# pipeline (in detail)

`pipeline()` function encapsulates tokenization, model inference and postprocessing steps

## tokenizer

**preprocessing step:** input (`str`) --> character/subword/word/sentence (`str`) --> ~~embedding~~ numeric token (`tensor`) [**Embedding is the high dimensional representation of a token**, not to be confused with `token ids`]
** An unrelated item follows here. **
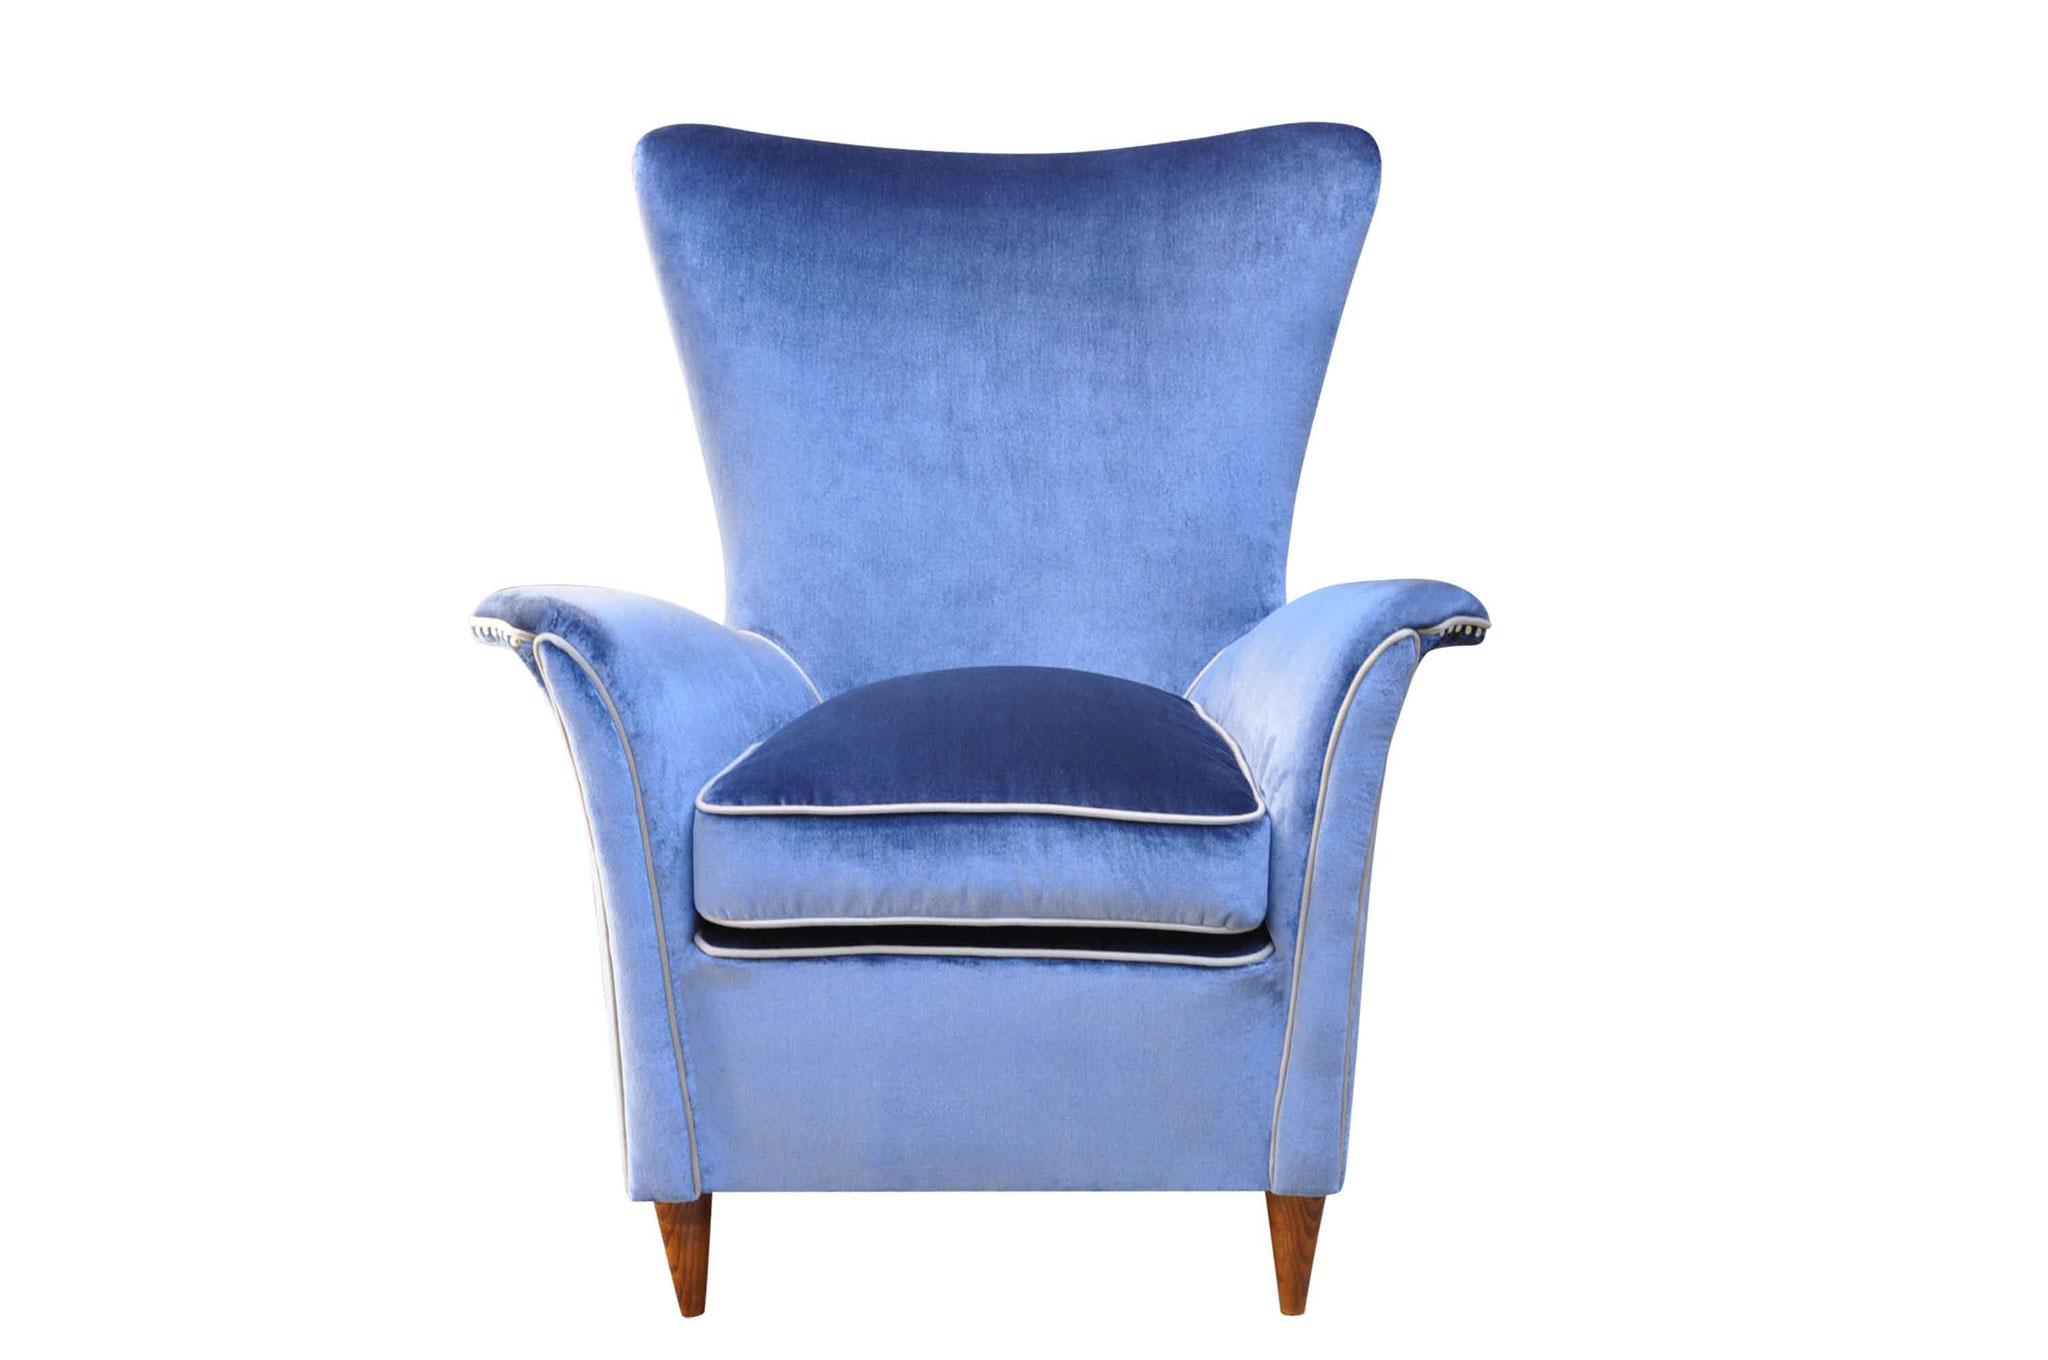 isa gio ponti mid century chair 1940s

**postprocessing step:** output embedding --> output (`str`)

In [2]:
from transformers import AutoTokenizer

In [3]:
checkpoint = "distilbert-base-uncased-finetuned-sst-2-english"
tokenizer = AutoTokenizer.from_pretrained(checkpoint) # tokenizer from a pretrained model's vocabulary

In [145]:
raw_inputs = [
    "I've been waiting for a HuggingFace course my whole life.",
    "I hate this so much!",
]

token_ids = tokenizer(text=raw_inputs, padding=True, truncation=True, return_tensors="pt")
token_ids

{'input_ids': tensor([[  101,  1045,  1005,  2310,  2042,  3403,  2005,  1037, 17662, 12172,
          2607,  2026,  2878,  2166,  1012,   102],
        [  101,  1045,  5223,  2023,  2061,  2172,   999,   102,     0,     0,
             0,     0,     0,     0,     0,     0]]), 'attention_mask': tensor([[1, 1, 1, 1, 1, 1, 1, 1, 1, 1, 1, 1, 1, 1, 1, 1],
        [1, 1, 1, 1, 1, 1, 1, 1, 0, 0, 0, 0, 0, 0, 0, 0]])}

# Model

Download model using `AutoModel`

In [5]:
from transformers import AutoModel

In [6]:
model = AutoModel.from_pretrained(checkpoint)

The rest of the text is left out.